**COLLECTED DATA:**
-- Opening Marker --
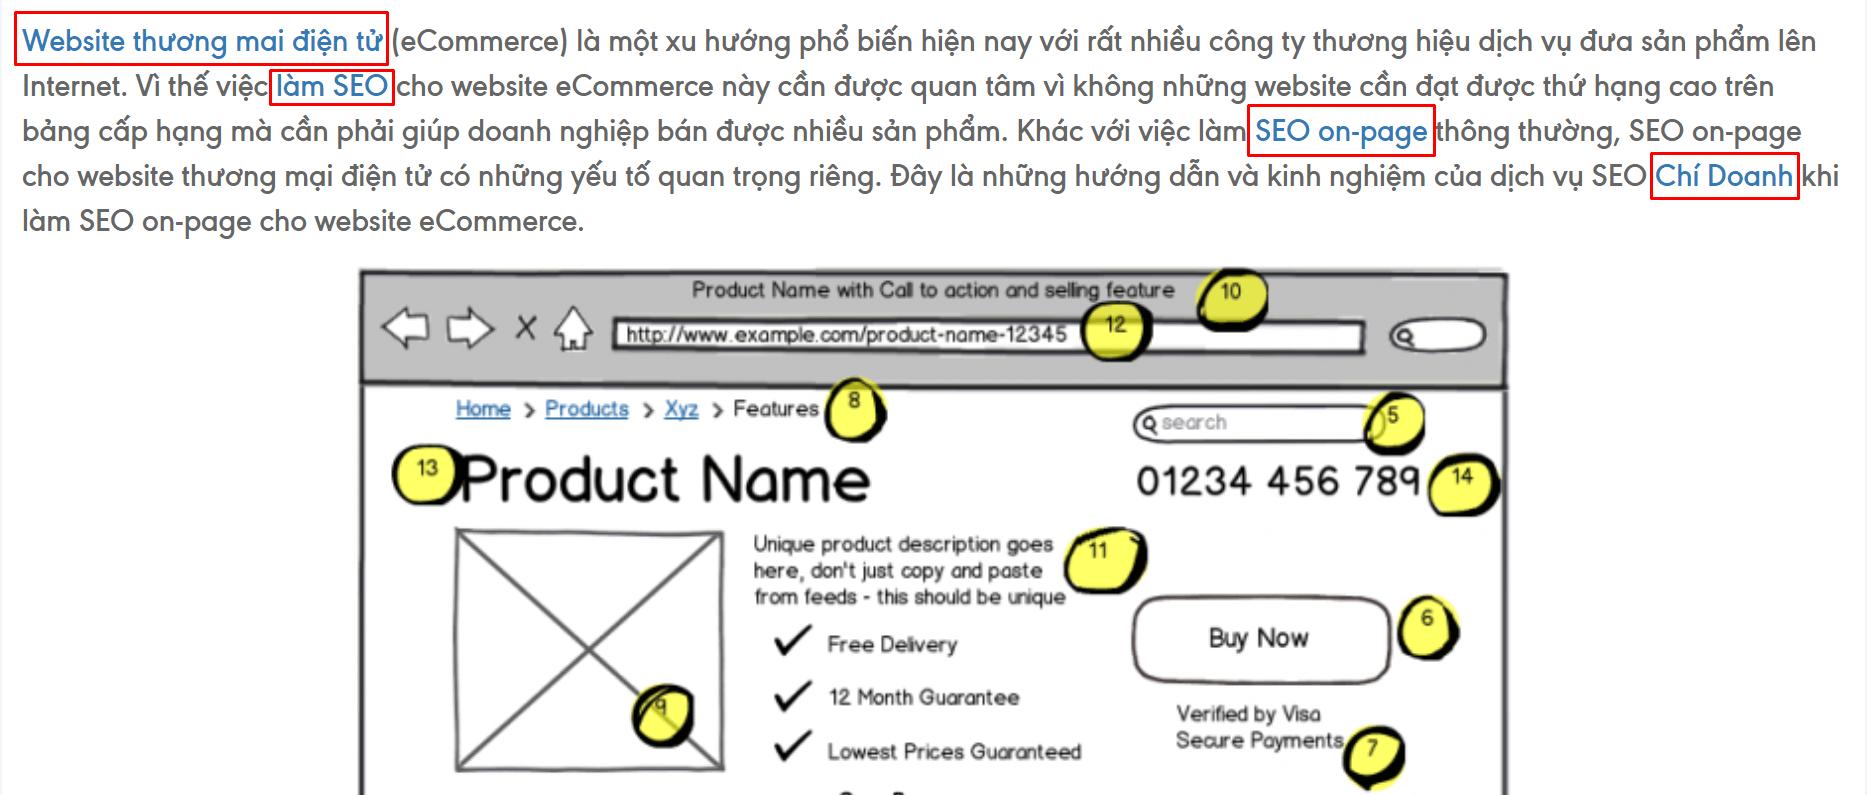 Các liên kết Anchor Text tốt sẽ giúp người dùng có thêm những thông tin bổ ích
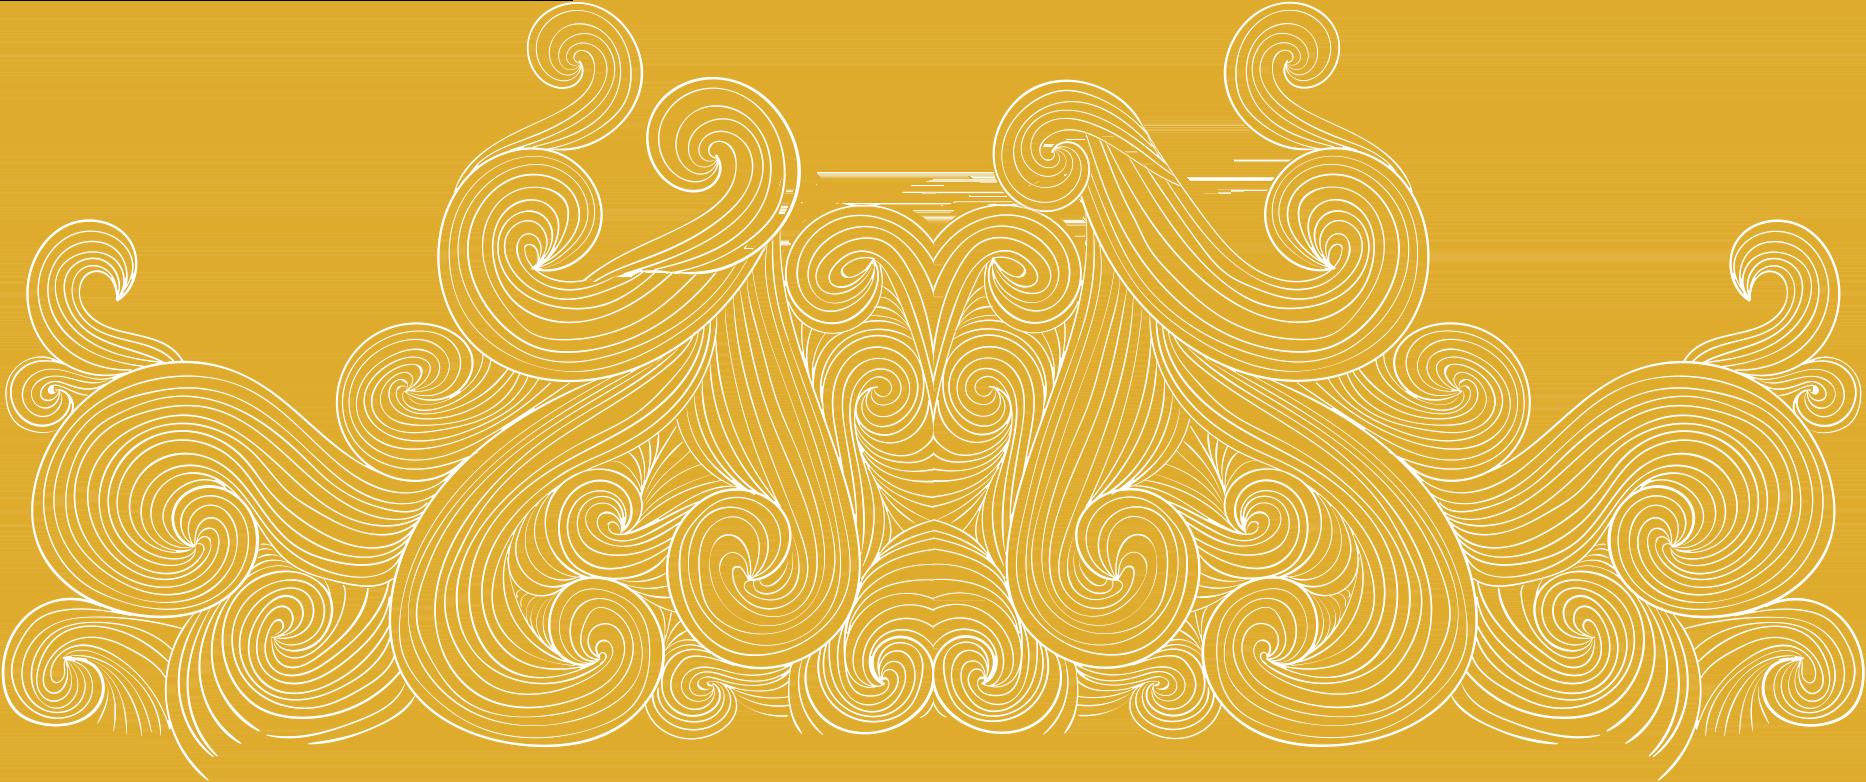 spirales-0
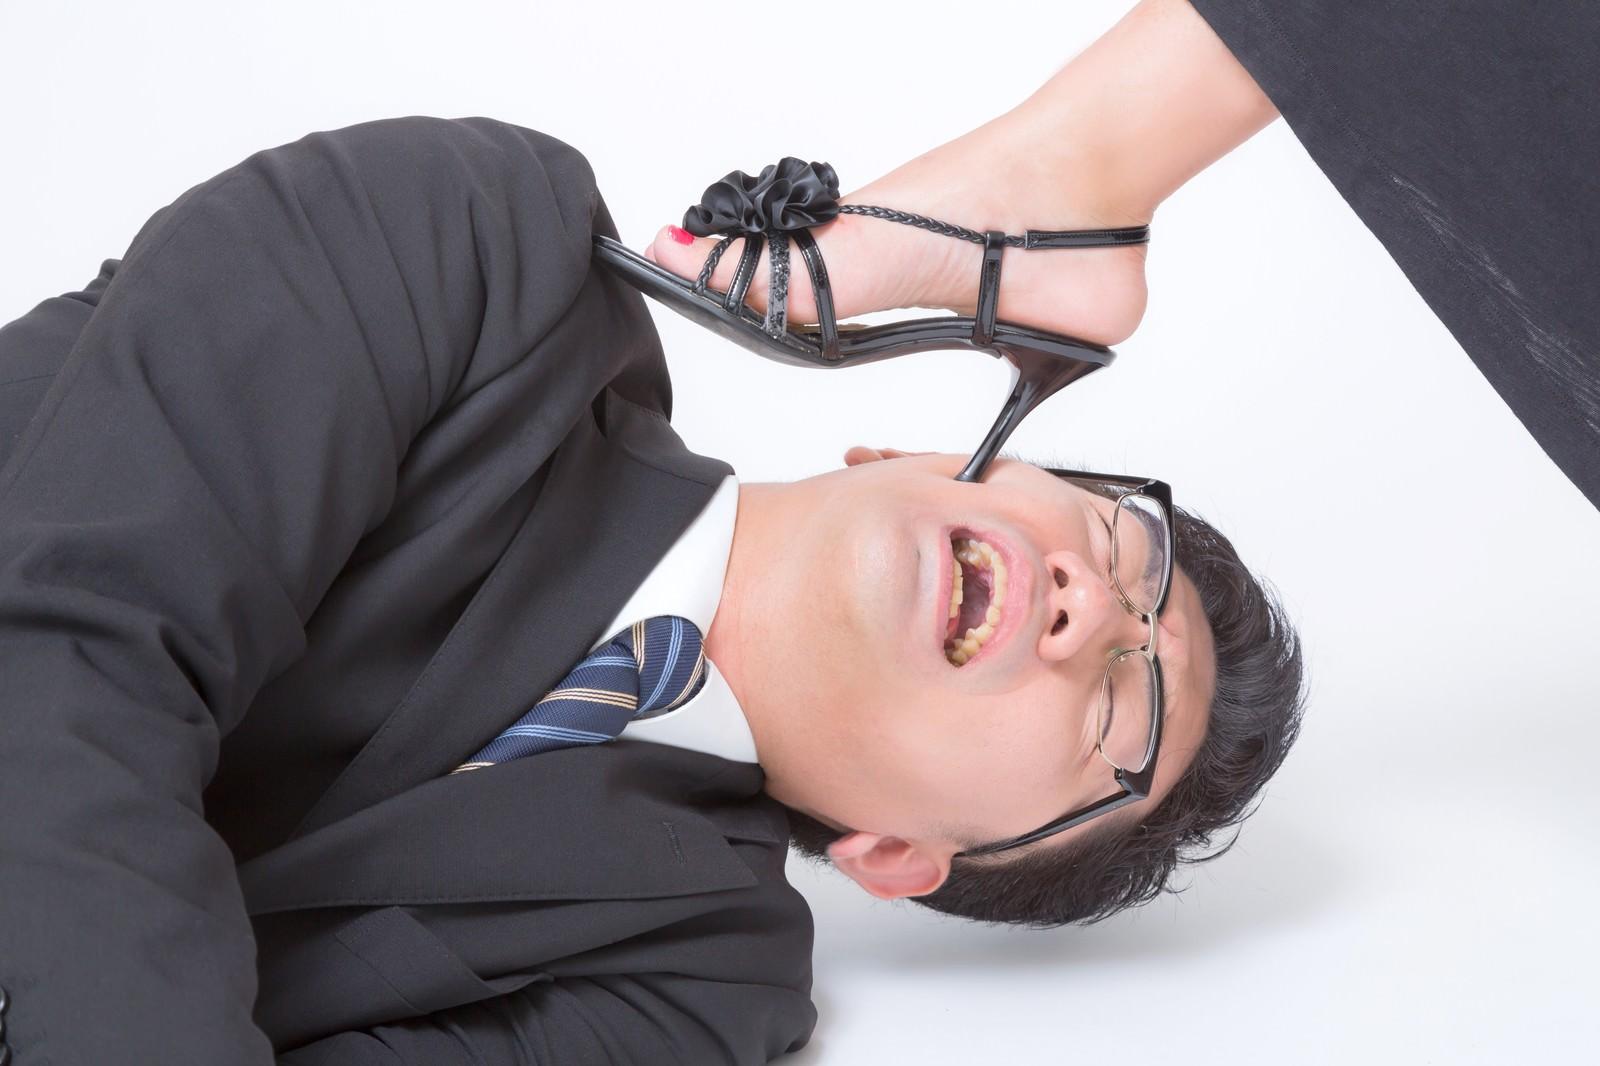 「ピンヒールでお仕置きされるスーツ姿の男性ピンヒールでお仕置きされるスーツ姿の男性」[モデル:OZPA]のフリー写真素材を拡大
-- Closing Marker --
**WORK REQUIRED:**
Return the whole of the material above exactly, with no picture carried over.

**TASK RESPONSE:**
 Các liên kết Anchor Text tốt sẽ giúp người dùng có thêm những thông tin bổ ích
 spirales-0
 「ピンヒールでお仕置きされるスーツ姿の男性ピンヒールでお仕置きされるスーツ姿の男性」[モデル:OZPA]のフリー写真素材を拡大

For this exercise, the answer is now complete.